À primeira vista, cara de bandido, de Jean Valjean (Os Miseráveis), personificando também um pintor impressionista desconsiderado, carregando sempre uma cadeia para o mundo.
O desenho é absolutamente especial, abstração completa.
Os olhos, a boca, o nariz são como flores de tapete persa, personificando também o lado simbólico.
A cor é uma cor distante da natureza; imagine uma vaga lembrança da cerâmica deformada pelo grande fogo!
Todos os vermelhos, os violetas, riscados pelos clarões de fogo como uma fornalha brilhando nos olhos, sede das lutas do pensamento do pintor.

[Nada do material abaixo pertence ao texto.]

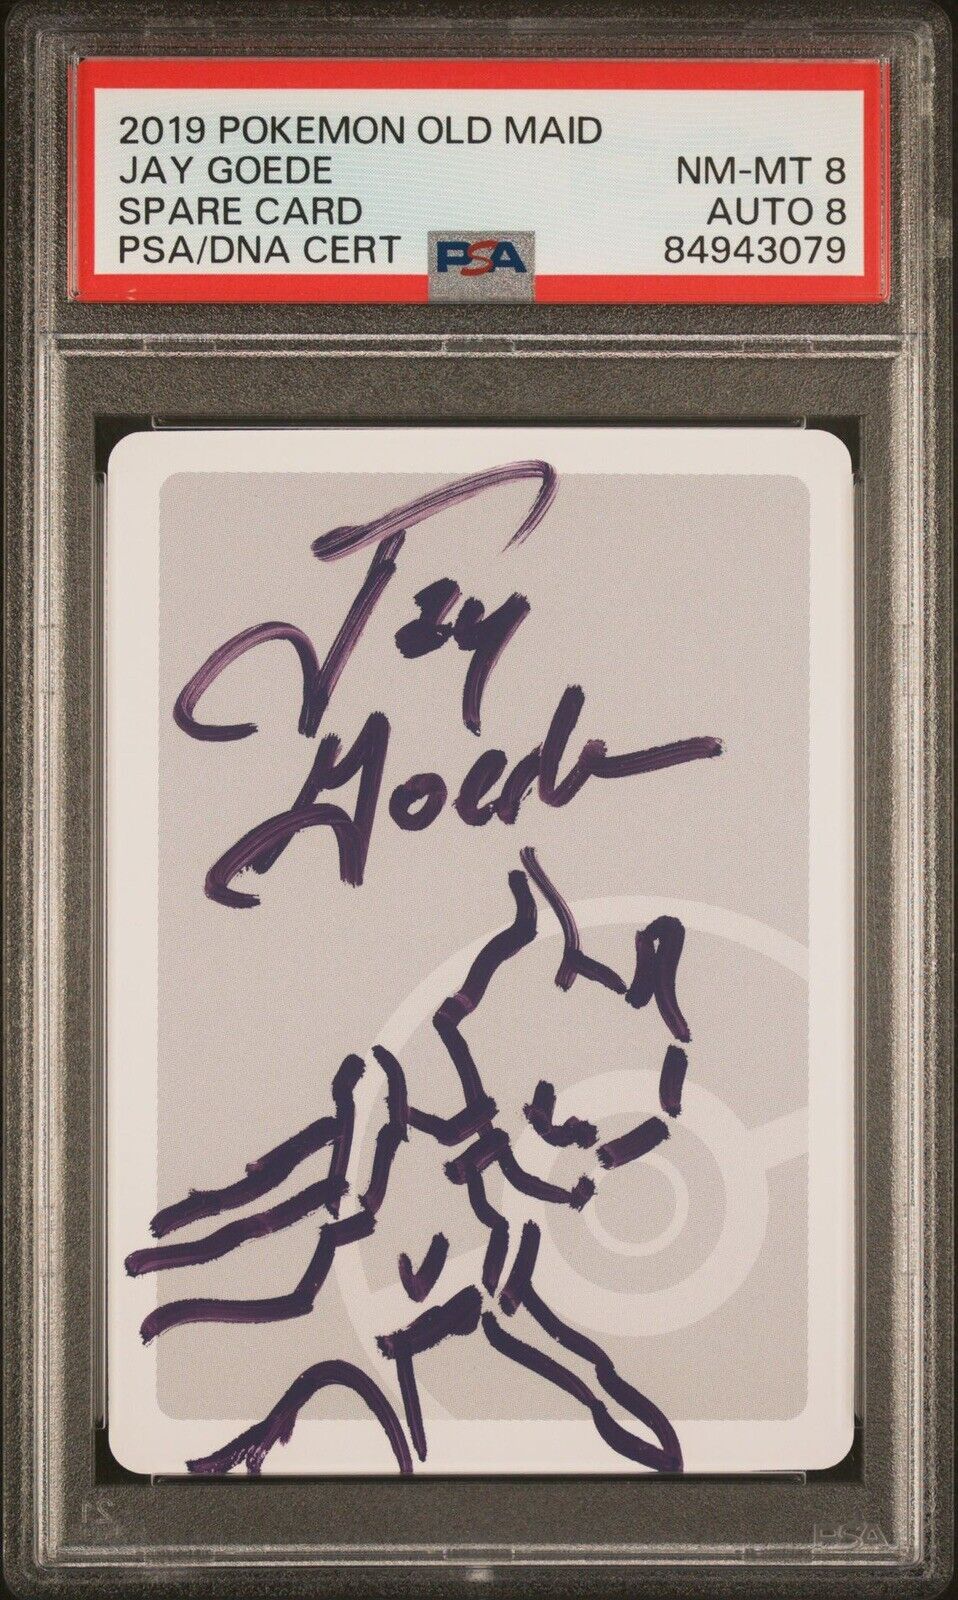 2019 Pokemon Old Maid Japanese Spare Card SIGNED AUTO 8 JAY GOEDE PSA 8 NM MT

Tudo isso sobre um fundo como salpicado de buquês infantis.
Quarto de jovem pura.
O impressionista é um puro, ainda não maculado pelo beijo podre da Écoles des Beaux-Arts.”
Este quadro foi resultado de um pedido de Van Gogh, para que tanto Gauguin como Bernard, que estavam em Pont-Aven, pintassem seus respectivos retratos e os mandassem para Arles.
Nenhum dos pintores foi capaz, por diferentes razões, de pintar o rosto do outro, e resolveram fazer autorretratos, que incluíram um esbolo do outro, no fundo.
Gauguin fez uma observação adicional numa carta a Van Gogh, de que “ao pintá-lo ( Jean Valjean) à minha semelhança, você terá uma magem de mim mesmo, bem como um retrato de todos nós, pobres vitimas da sociedade, que só retaliamos fazendo o bem.” De uma carta inédita em poder de Ir.V.W. van Gogh)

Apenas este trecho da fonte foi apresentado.